The Sumerians were the first to invent a system that contained mathematical data to keep track of transactions – this system was the first known use of language known to us. Thus language was first invented for bookkeeping. We learned to write not for poetry or philosophy but for accounting for debts and property ownership.
Laws were also passed down in written form when the language of numbers gradually added more symbols to represent more things and became more complex.
Arab numerals (they were invented by Indians but the Arabs take the credit for invading India and discovering the usefulness of numbers in broader contexts) were then invented that made mathematics more efficient and important.
Then complex ideas about the world such as gravity were represented by equations, and these could only be understood by a small number of experts in the world. They allowed us to better manipulate our environment.

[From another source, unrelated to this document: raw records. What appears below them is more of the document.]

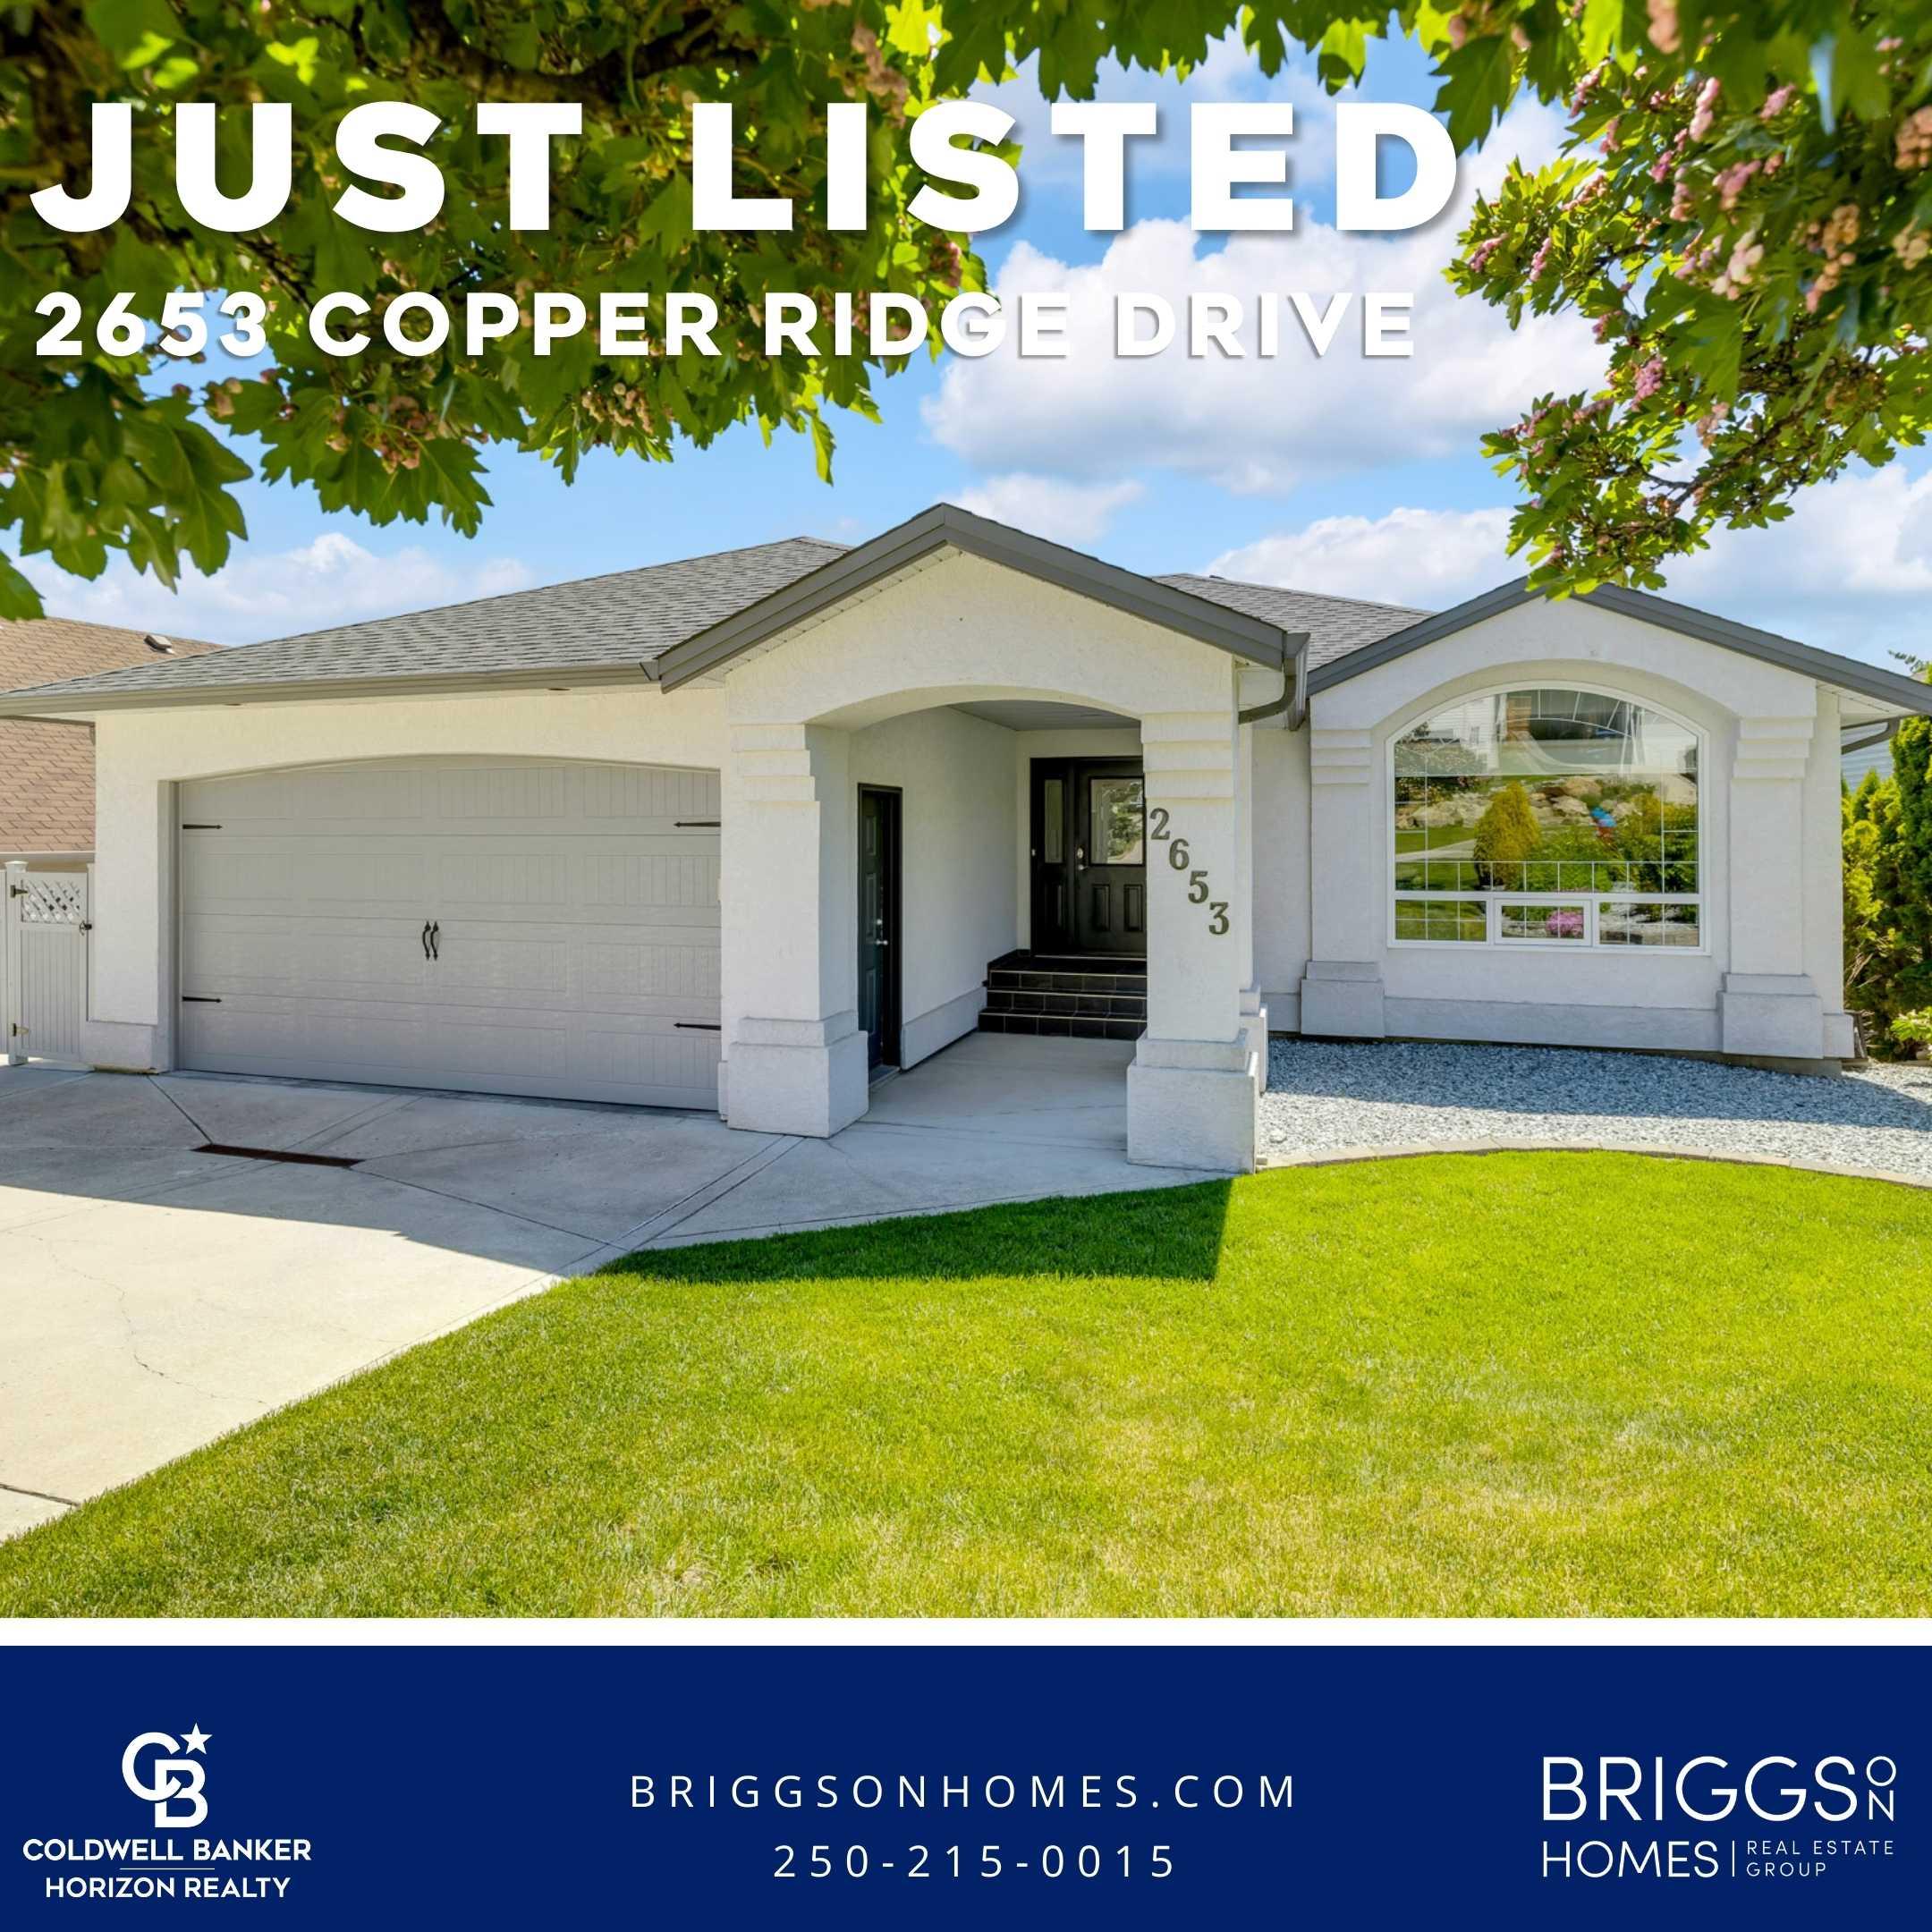 2653 Copper Ridge Dr
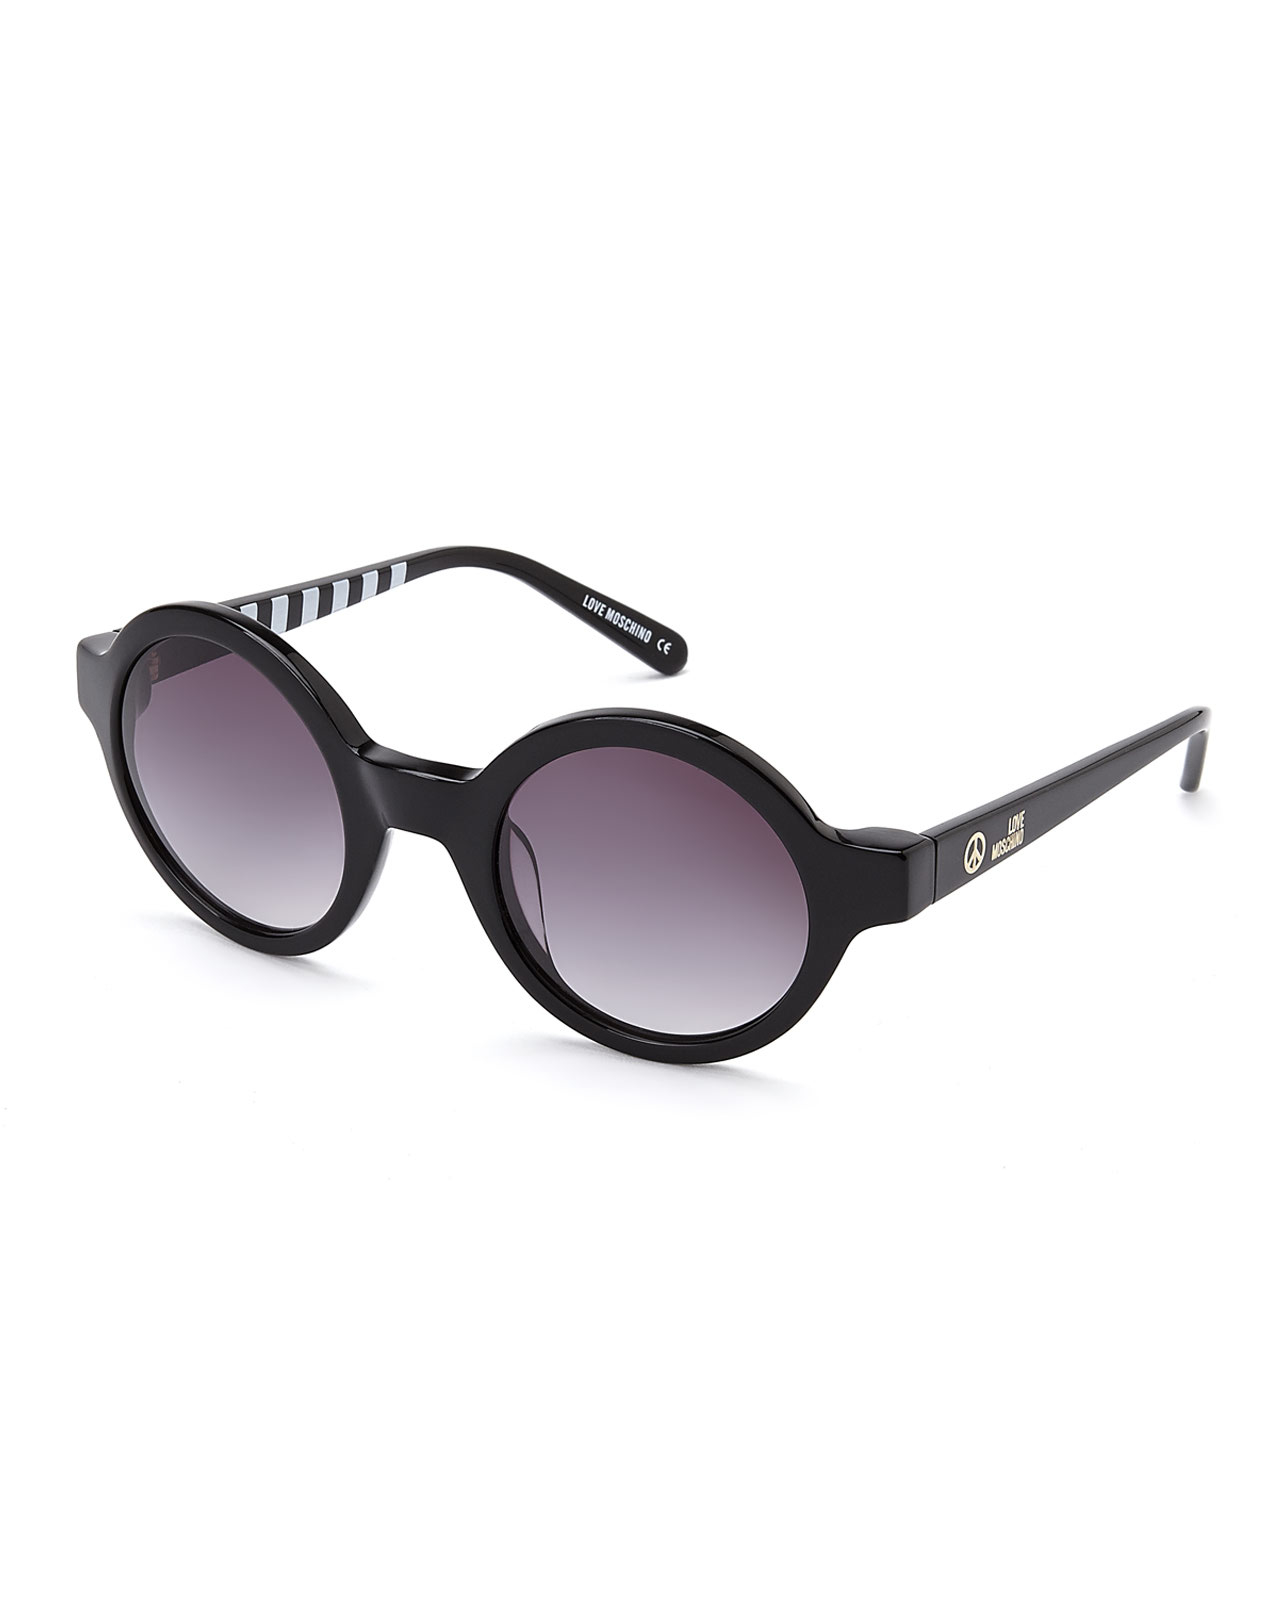 4c32fa9b0cc Lyst - Love Moschino Ml50101 Black Round Sunglasses in Black
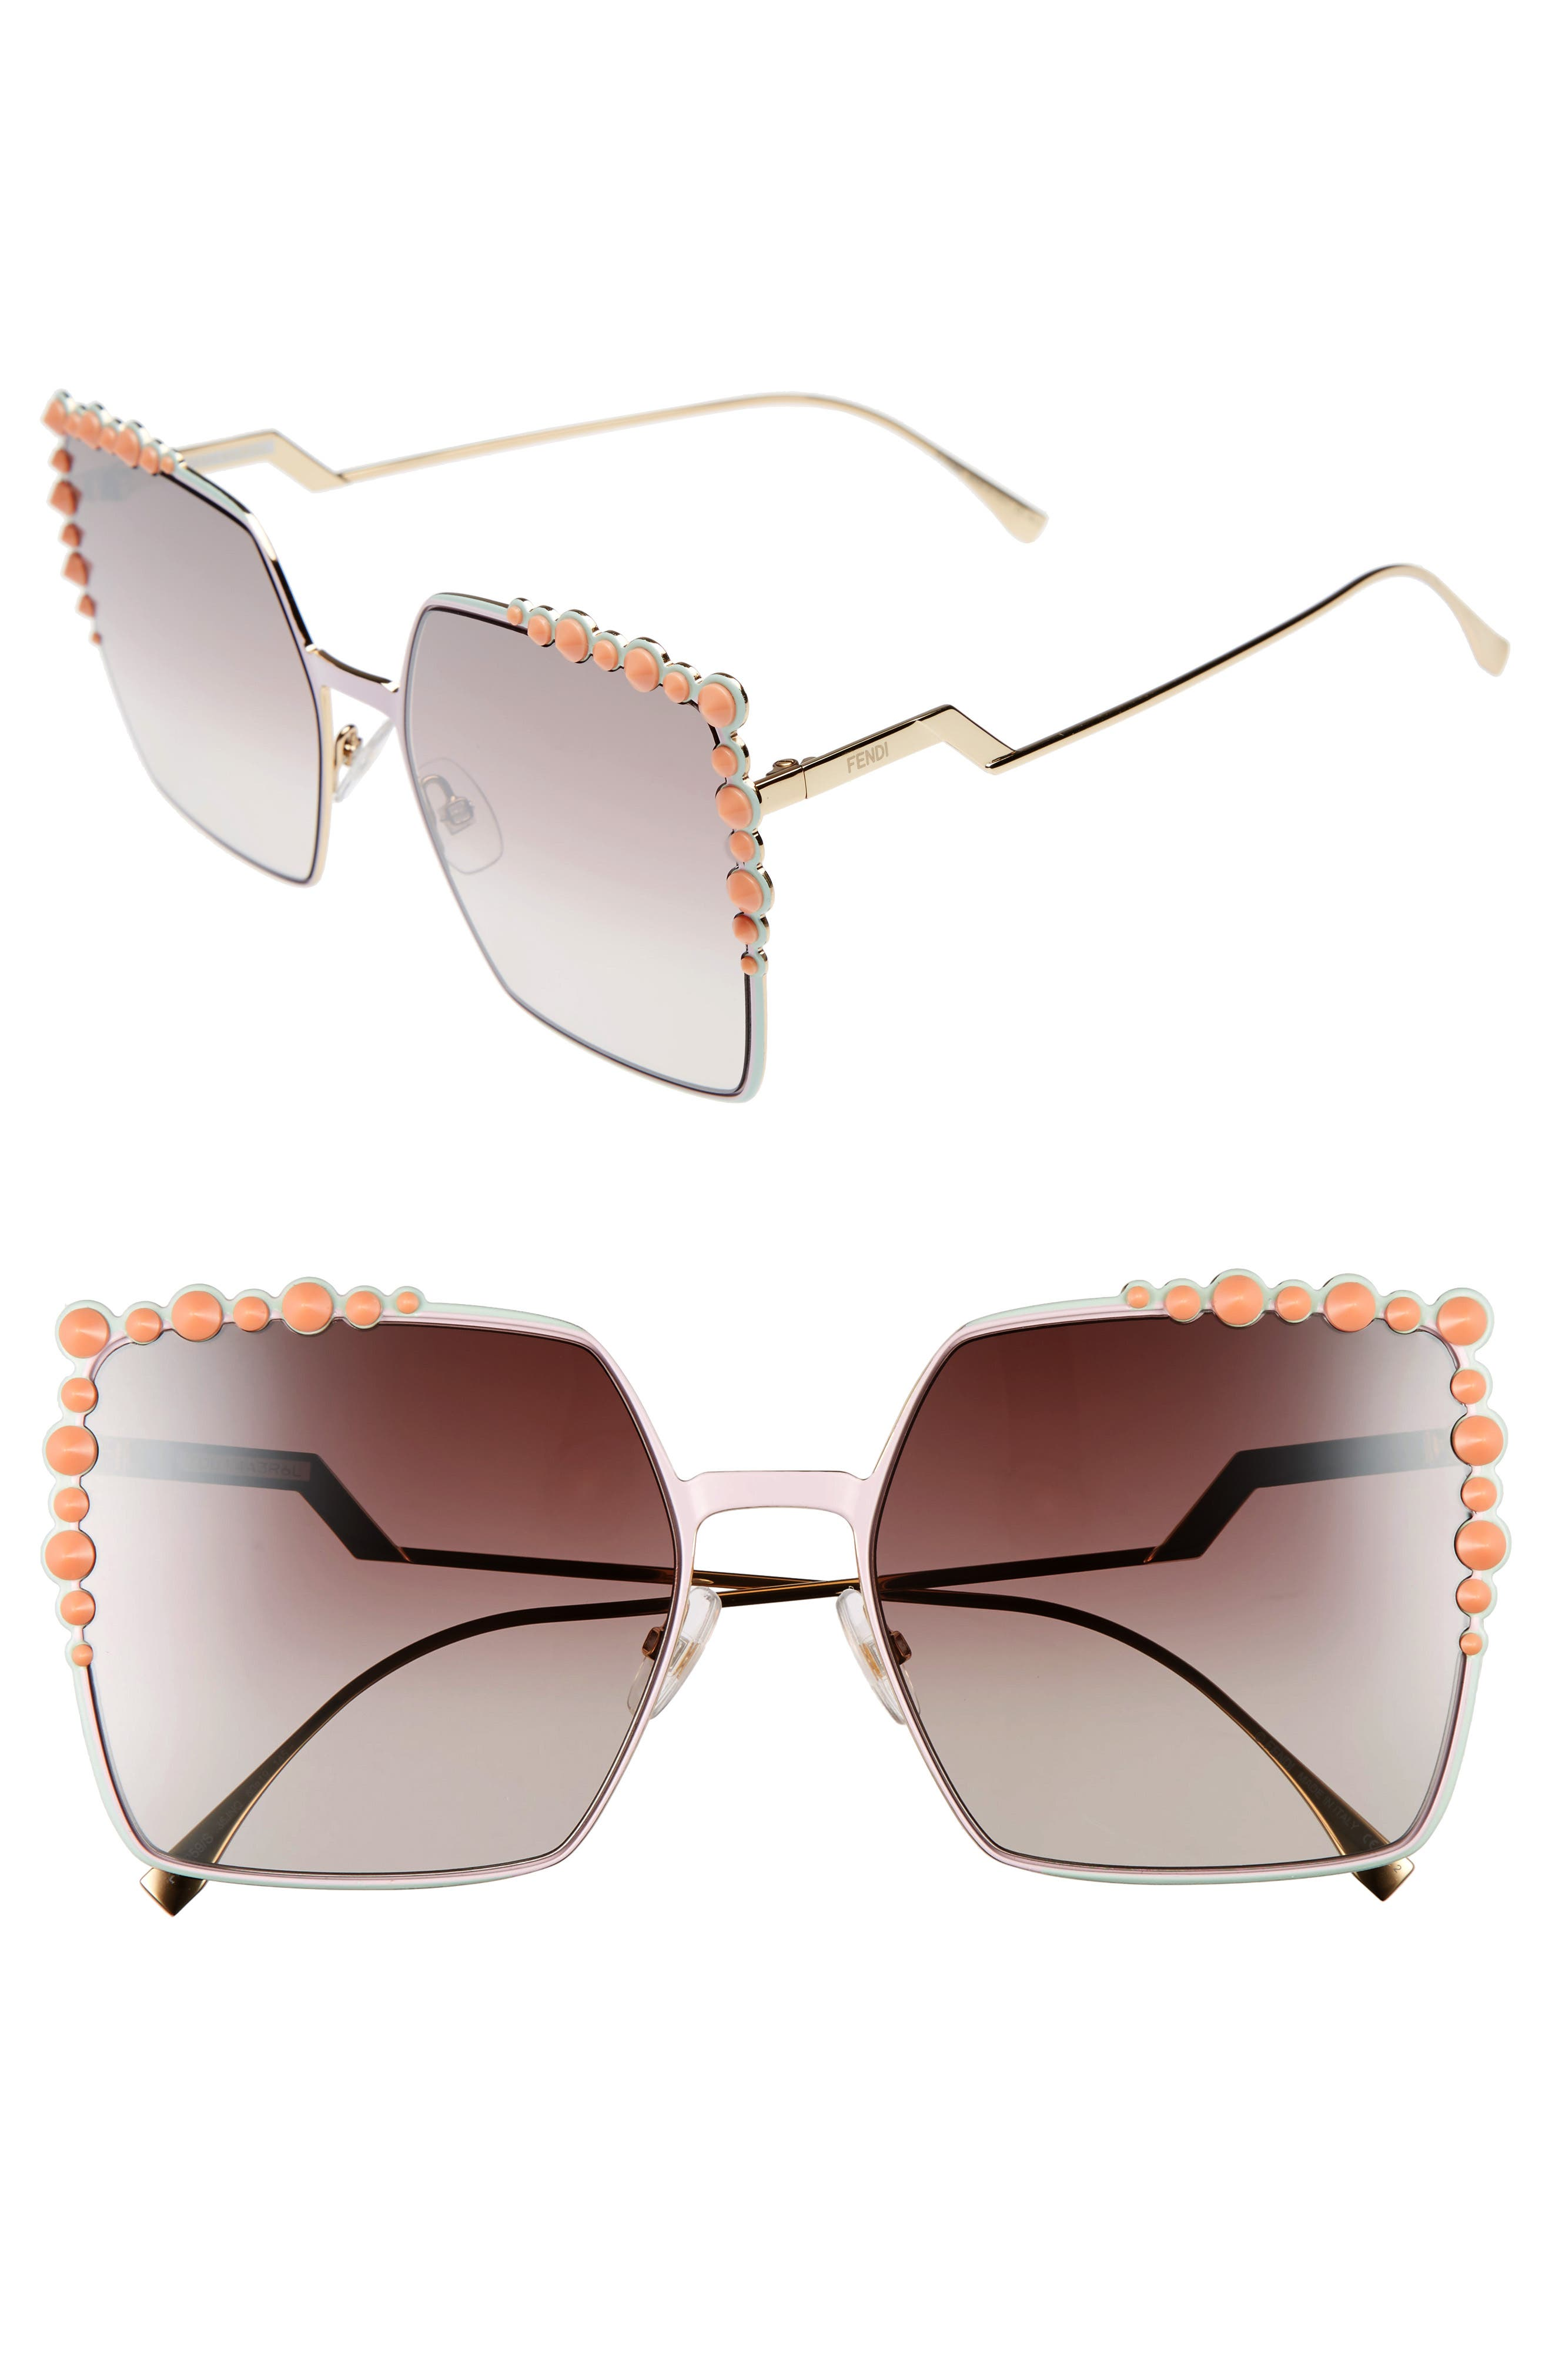 Main Image - Fendi 60mm Gradient Square Cat Eye Sunglasses

Finally, we designed computers to represent all information through 0’s and 1’s. But this is nowhere near the end of the story. AI is advancing at a rapid rate. There’s no telling what the future of information processing looks like.
Read Sapiens
If you are interested in reading books about unmasking human nature, consider reading The Dichotomy of the Self, a book that explores the great psychoanalytic and philosophical ideas of our time, and what they can reveal to us about the nature of the self.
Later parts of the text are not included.